─── Recorded data ───
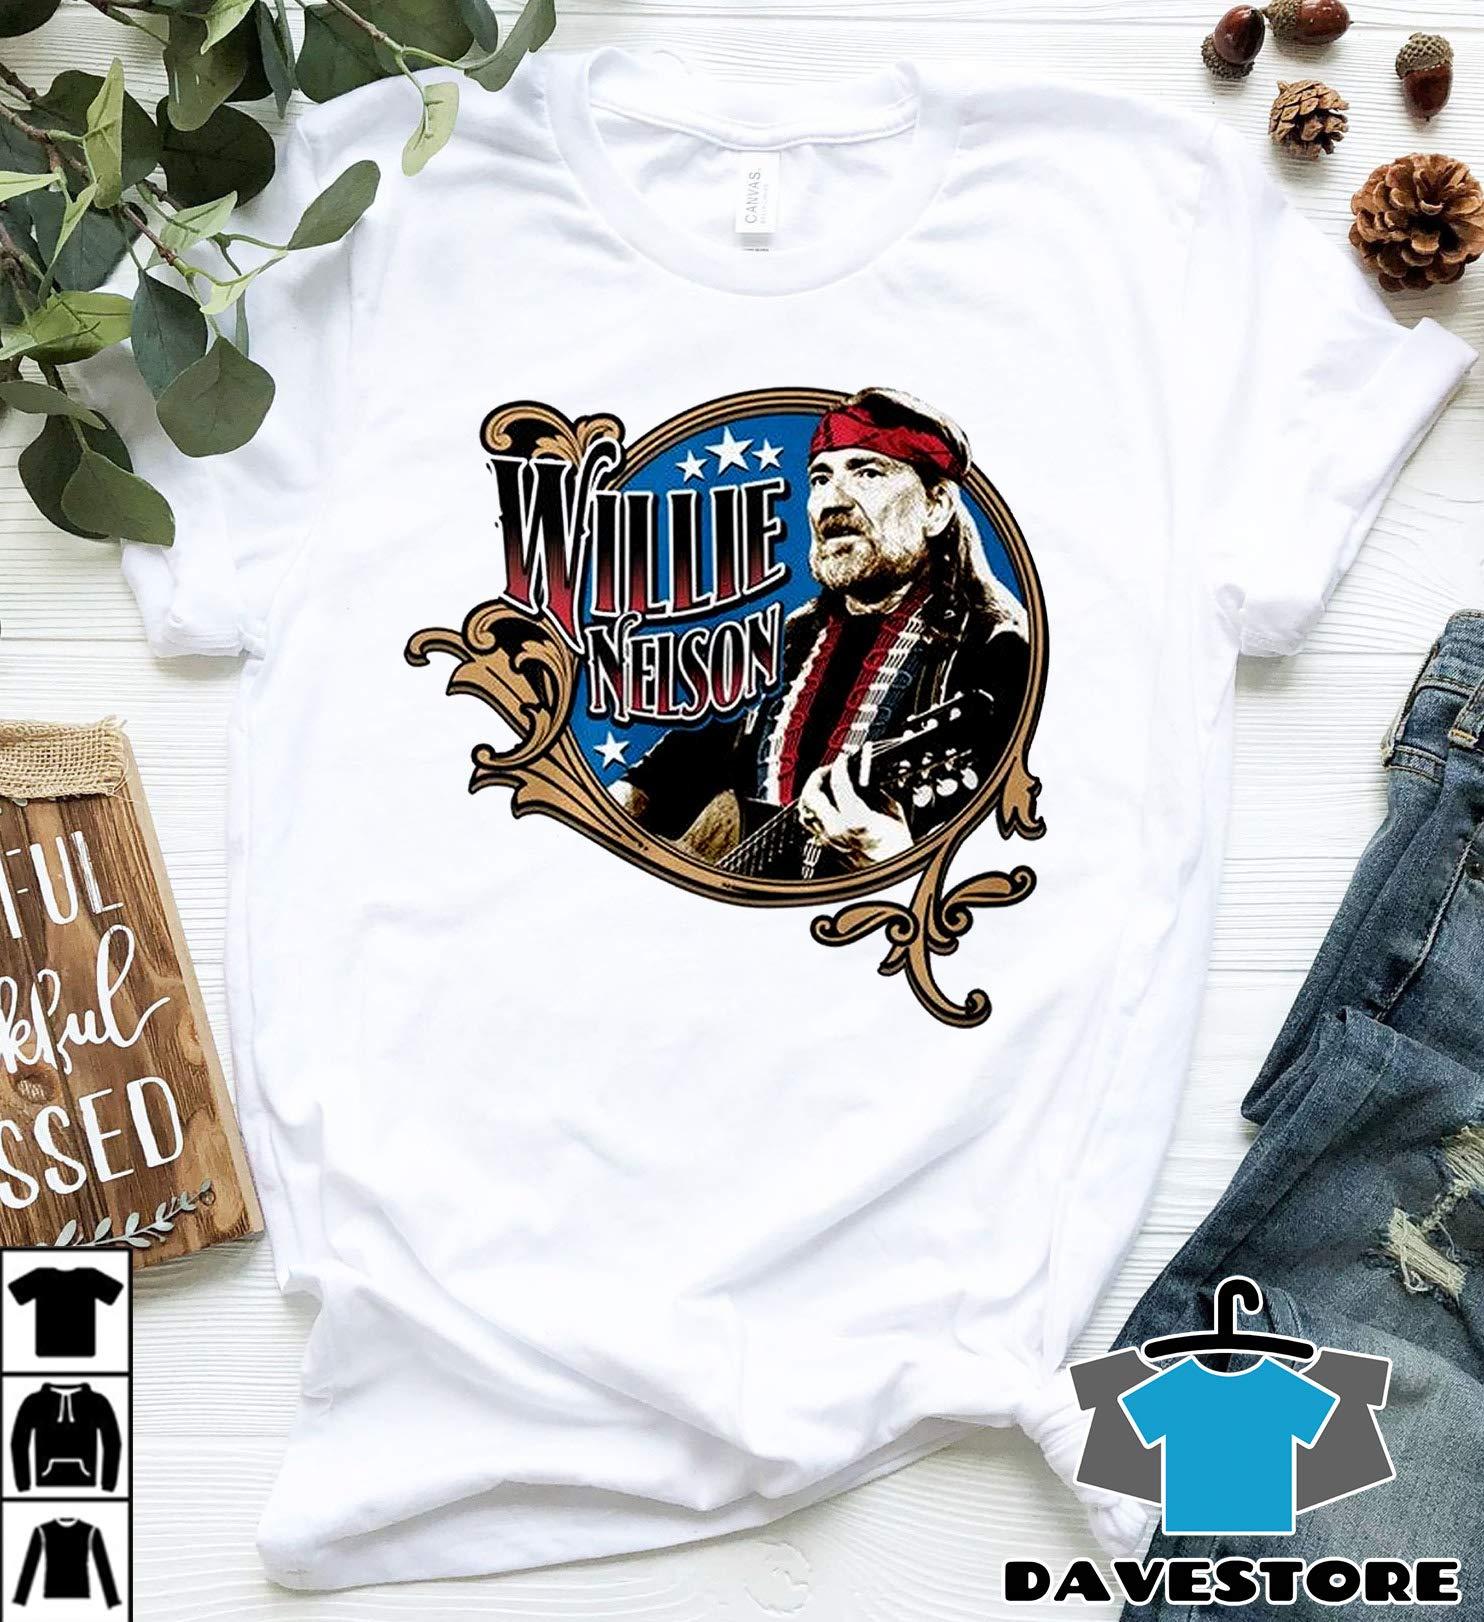 Willie Nelson Shirts
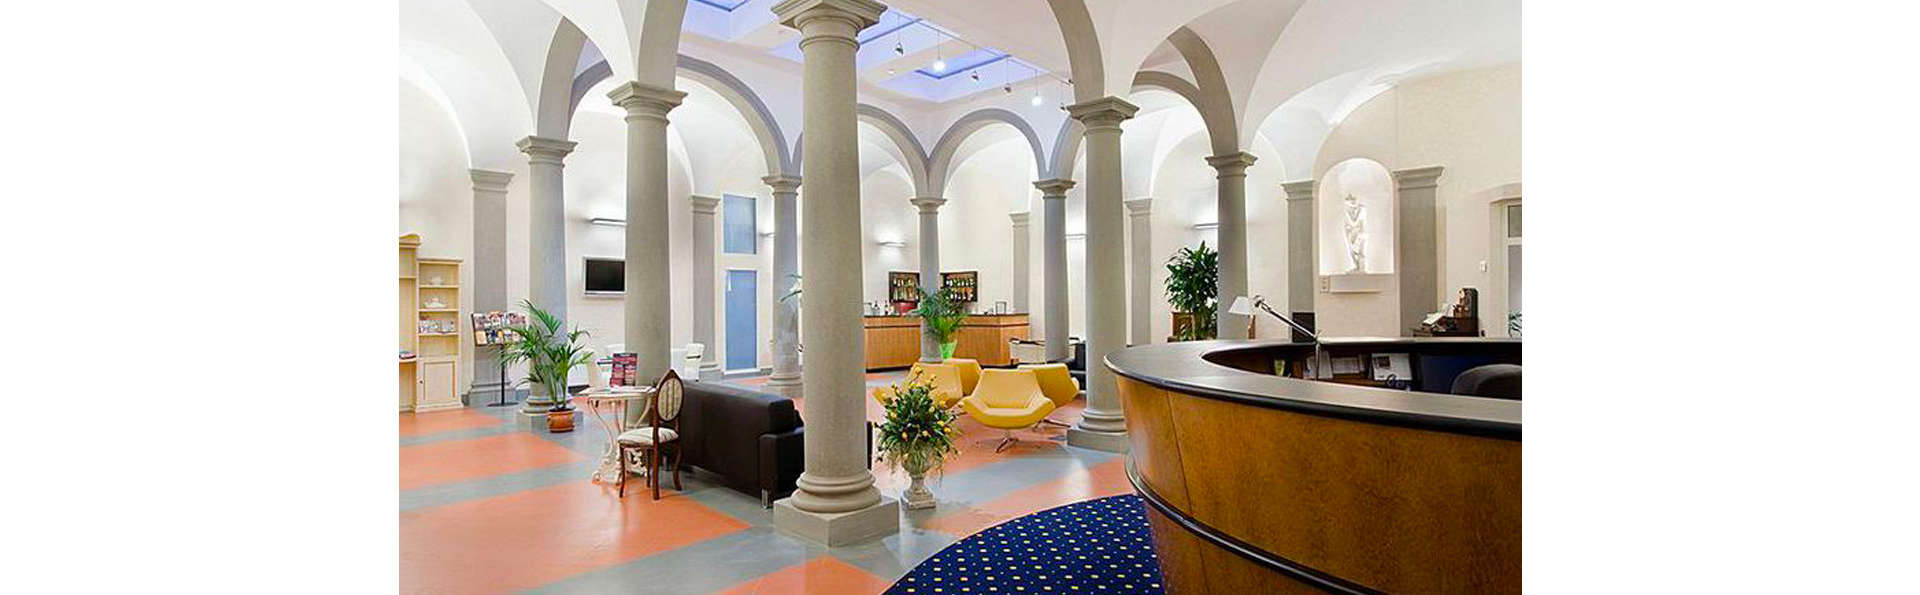 Hotel Centrale  - EDIT_LOBBY_01.jpg
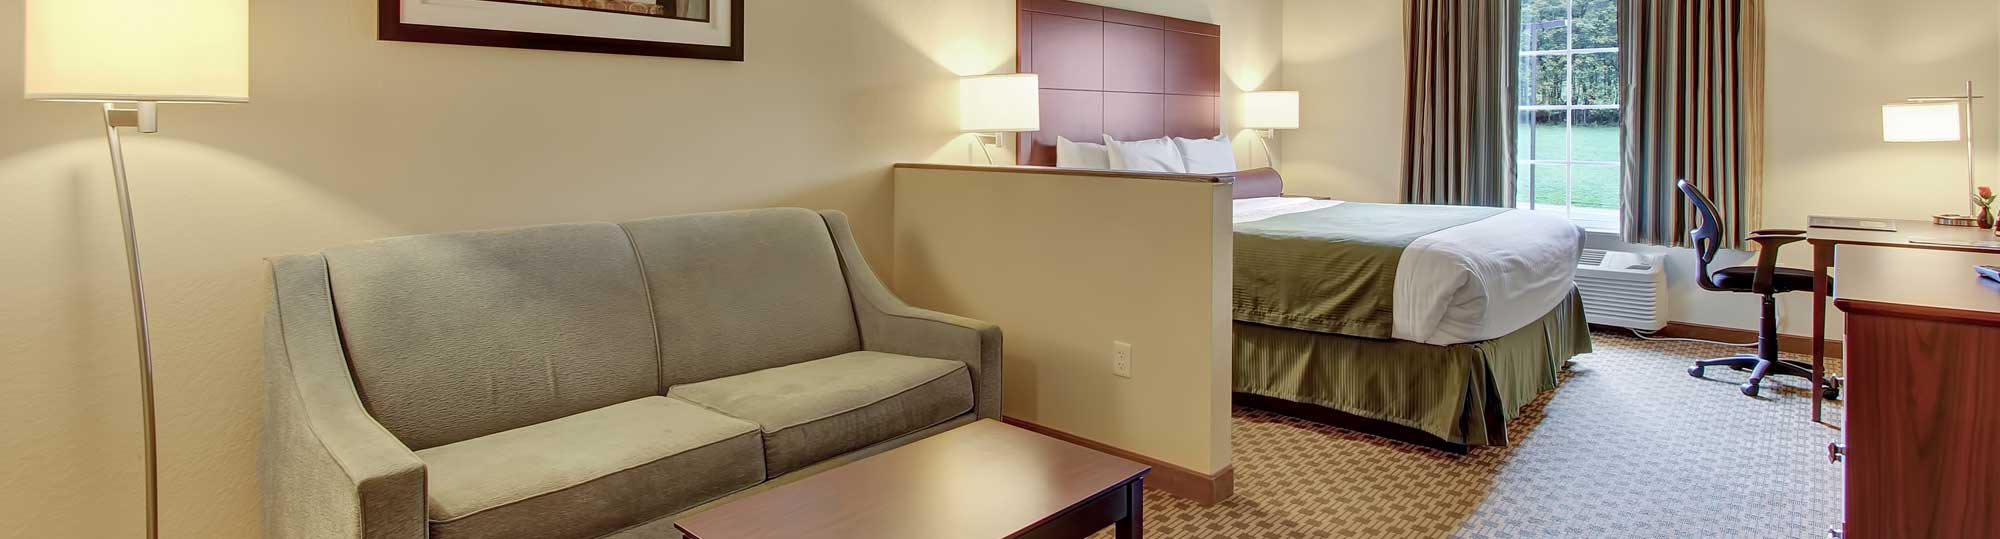 Cobblestone Hotel and Suites Waynesboro
───
Work required —
Could you give the listing again exactly as it stands, minus any pictures?

Response to the exercise —
 Willie Nelson Shirts
 Hotel Centrale  - EDIT_LOBBY_01.jpg
 Cobblestone Hotel and Suites Waynesboro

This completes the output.